A new report suggests that if the alternative protein industry has any hope of scaling up, it will need robust funding from a number of different sources, including, crucially, the public sector. The report compares plant-based meat imitations to electric vehicles, a powerful climate solution that has benefited from government support such as direct purchase subsidies.
But like the EV industry before it, alternative meat must resolve a culture war before it can grow – with or without government investment.

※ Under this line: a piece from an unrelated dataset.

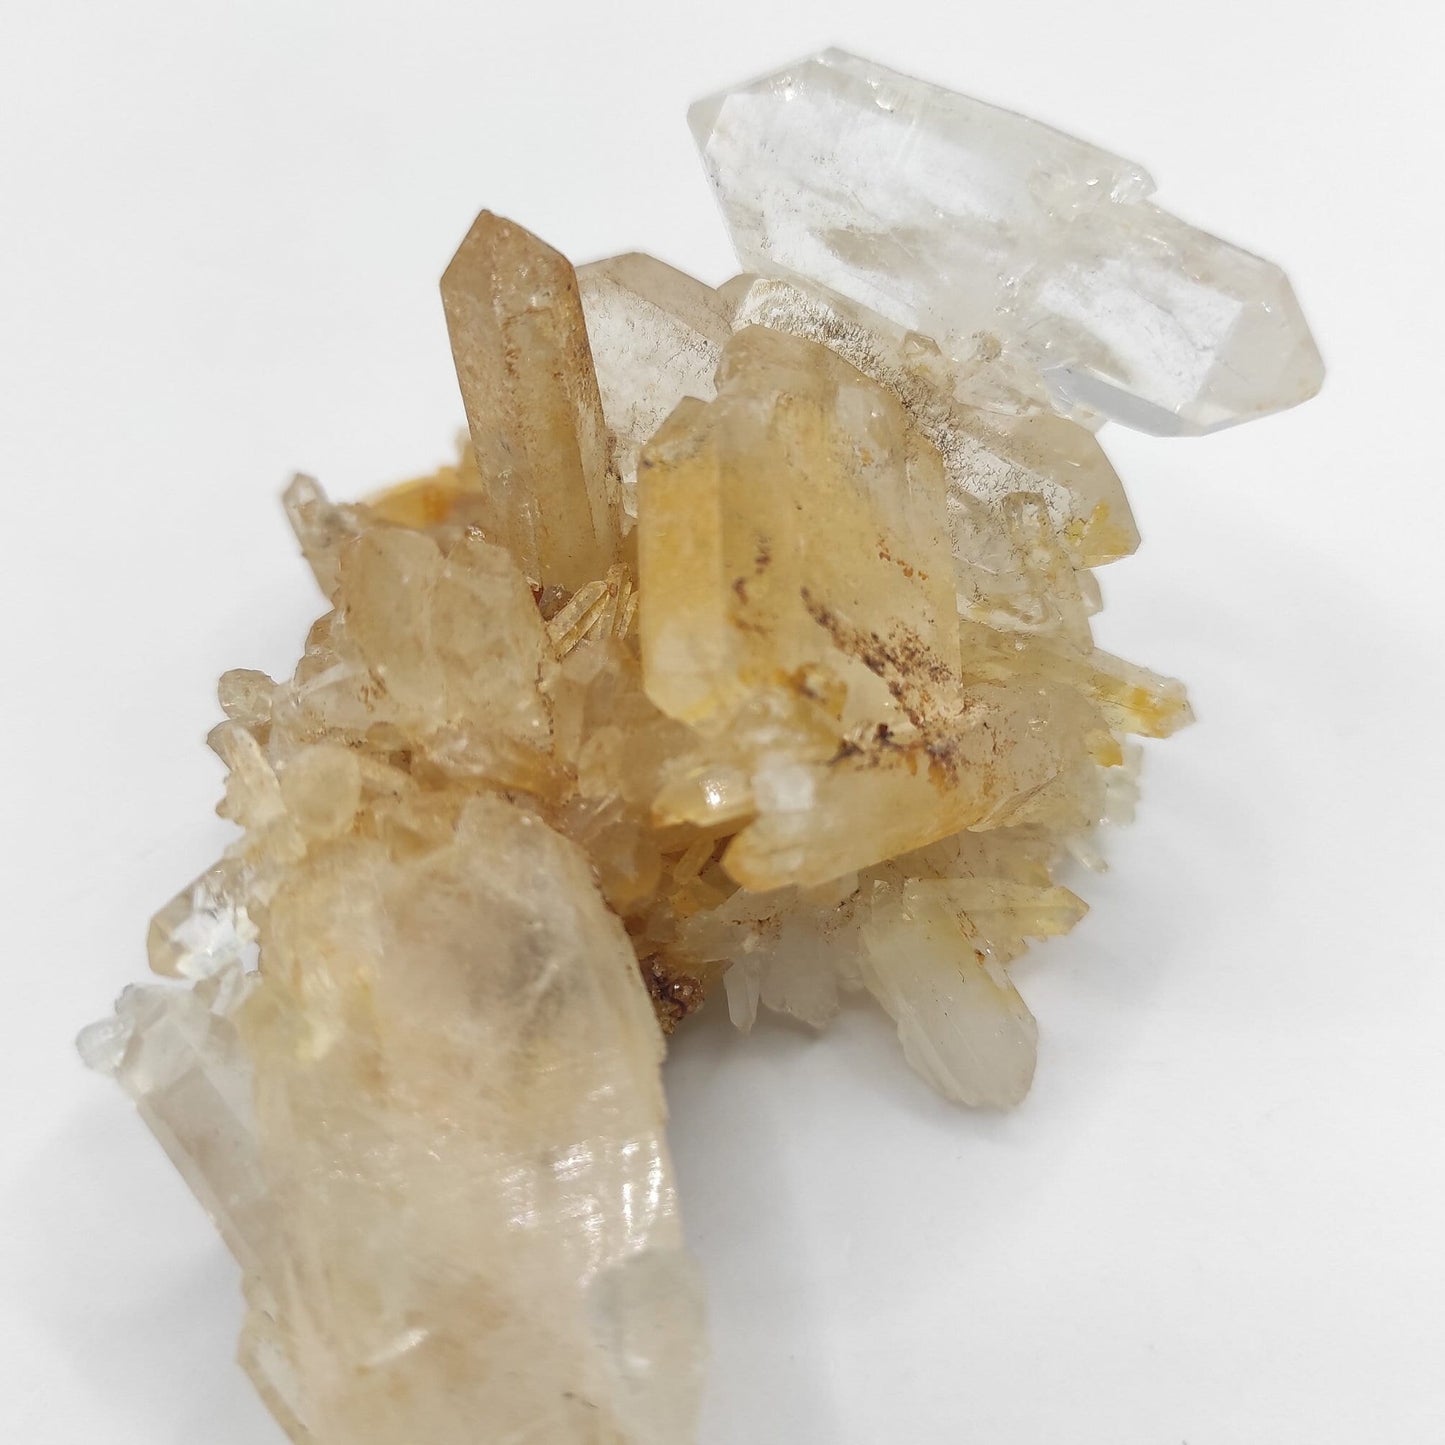 97g Natural Quartz Crystal Cluster - Clear Quartz from Pakistan - Yellow Quartz Specimen - Balochistan, Pakistan Mineral Specimens
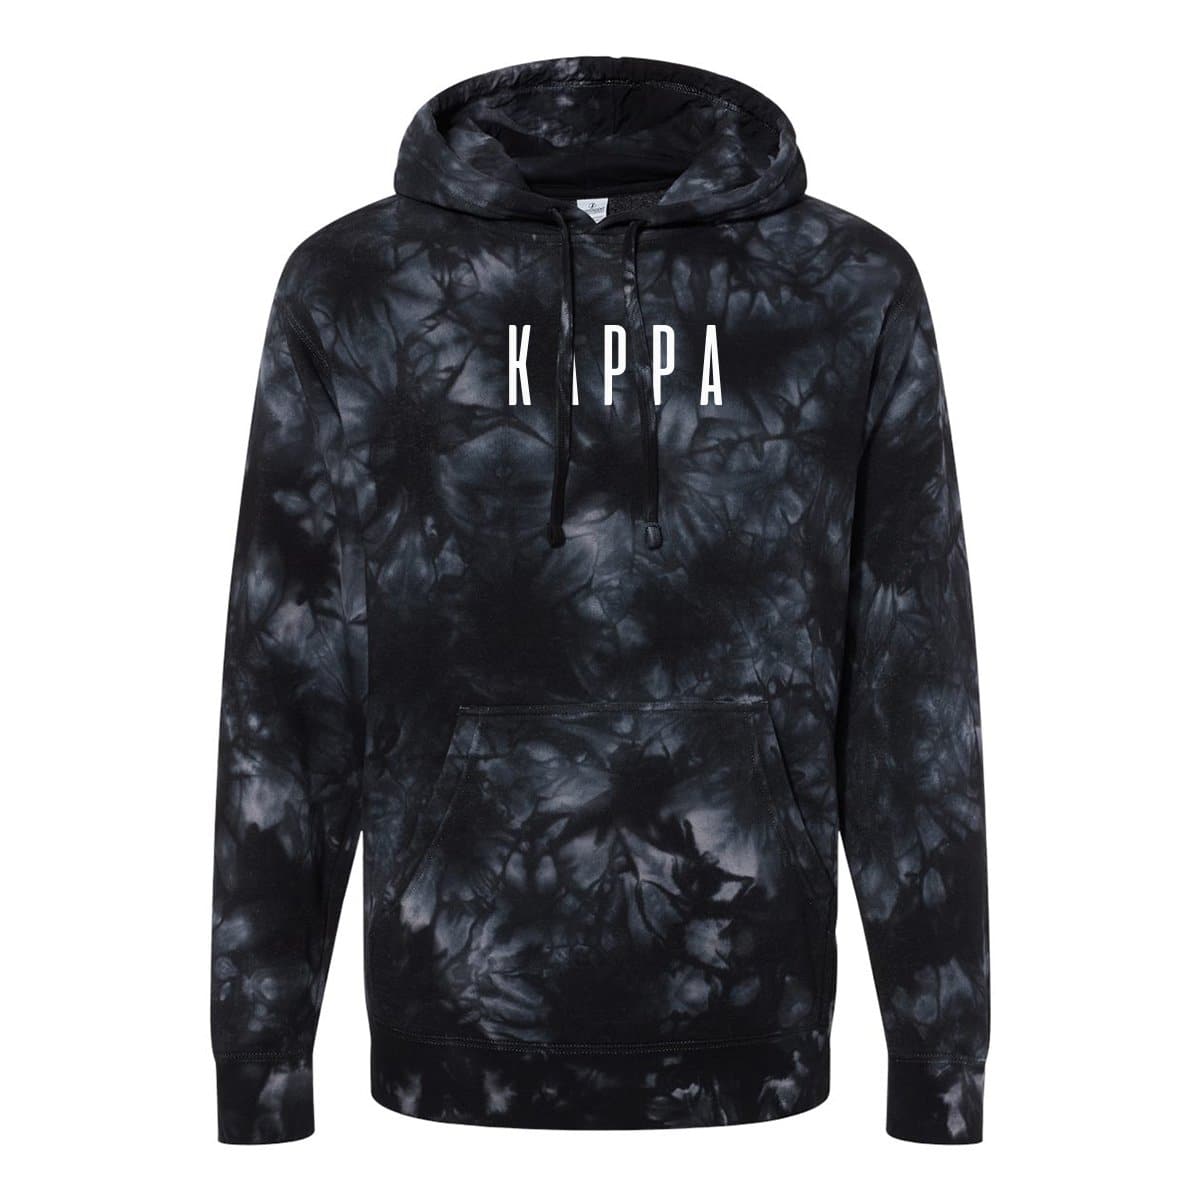 Kappa Black Tie Dye Hoodie | Kappa Kappa Gamma | Sweatshirts > Hooded sweatshirts

Despite some obvious differences, there’s one key similarity between electric cars and alternative meats: They’re designed to be a one-for-one replacement for their predecessors. Buying an electric vehicle “doesn’t require extensive consumer behavior changes” like forgoing a car entirely, said Emma Ignaszewski, one of the report’s authors. Likewise, consumers can simply opt to buy burgers that aren’t made with animal protein instead of ones that are. “You can enjoy your burger, but it can be produced with far fewer greenhouse gas emissions than conventional meat,” said Ignaszewski, who is a senior associate director at the Good Food Institute, or GFI, a think tank that promotes alternative proteins.
Research has shown that animal agriculture is responsible for 11 to 20 percent of greenhouse gas emissions. Developing plant-based foods—meat substitutes that don’t contain meat—could help reduce these emissions and lead to less deforestation and land degradation. One study found that a vegan diet produced about 75 percent fewer planet-warming gas emissions than meat-rich diets.
Ignaszweski acknowledges that comparing alternative meats to electric vehicles has its limitations. “The average American buys a car once every eight years,” she said, while “meat buyers buy 60 packages at the grocery store every year. Over the course of a decade, that’s one decision point versus 600.”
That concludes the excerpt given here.